Playboating, also known as Playboating or Rodeo, is a more gymnastic and artistic kind of canoeing. While the other varieties of canoeing generally involve going from Point A to Point B, playboaters often stay in one spot in the river (usually in a hole, pourover or on a wave) where they work with and against the dynamic forces of the river to perform a variety of maneuvers. These can include surfing, spinning, and various vertical moves (cartwheels, loops, blunts, pistol and donkey flips, and many others), spinning the boat on all possible axes of rotation. More recently, aerial moves have become accessible, where paddlers perform tricks having gained air from using the speed and bounce of the wave. Canoes used for playboating generally have relatively low volume in the bow and stern, allowing the paddler to submerge the ends of the canoe with relative ease.
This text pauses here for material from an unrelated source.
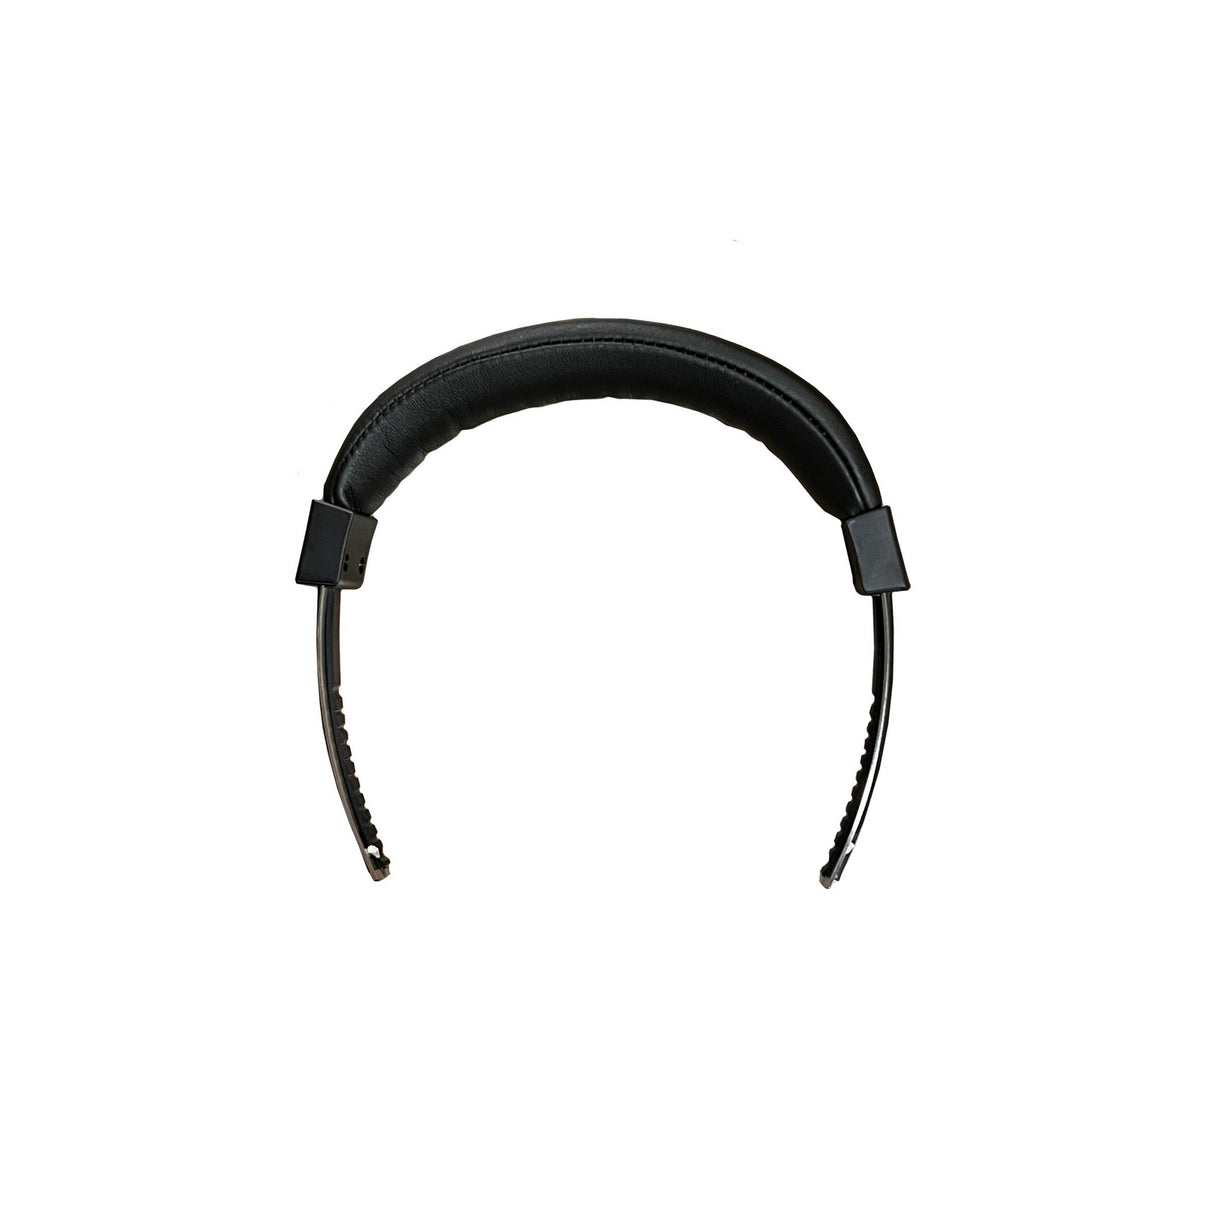 Clear-Com 306G138 CC-110 Head Band Assembly, without Inner Cable

Competitions for playboating or freestyle are sometimes called whitewater rodeo in the US, but more frequently just referred to as freestyle events in UK and Europe.

==Techniques==
=== Boofing ===

Boofing, in whitewater canoeing, refers to the raising of the canoe's bow during freefall, while descending a ledge, ducking behind a boulder, or running a waterfall. This technique is used to avoid submerging the bow of the canoe by ensuring it lands flat when it hits the base of the waterfall. The term is an onomatopoeia which mimics the sound that is usually created when the hull of the canoe makes contact with water at the base of the waterfall.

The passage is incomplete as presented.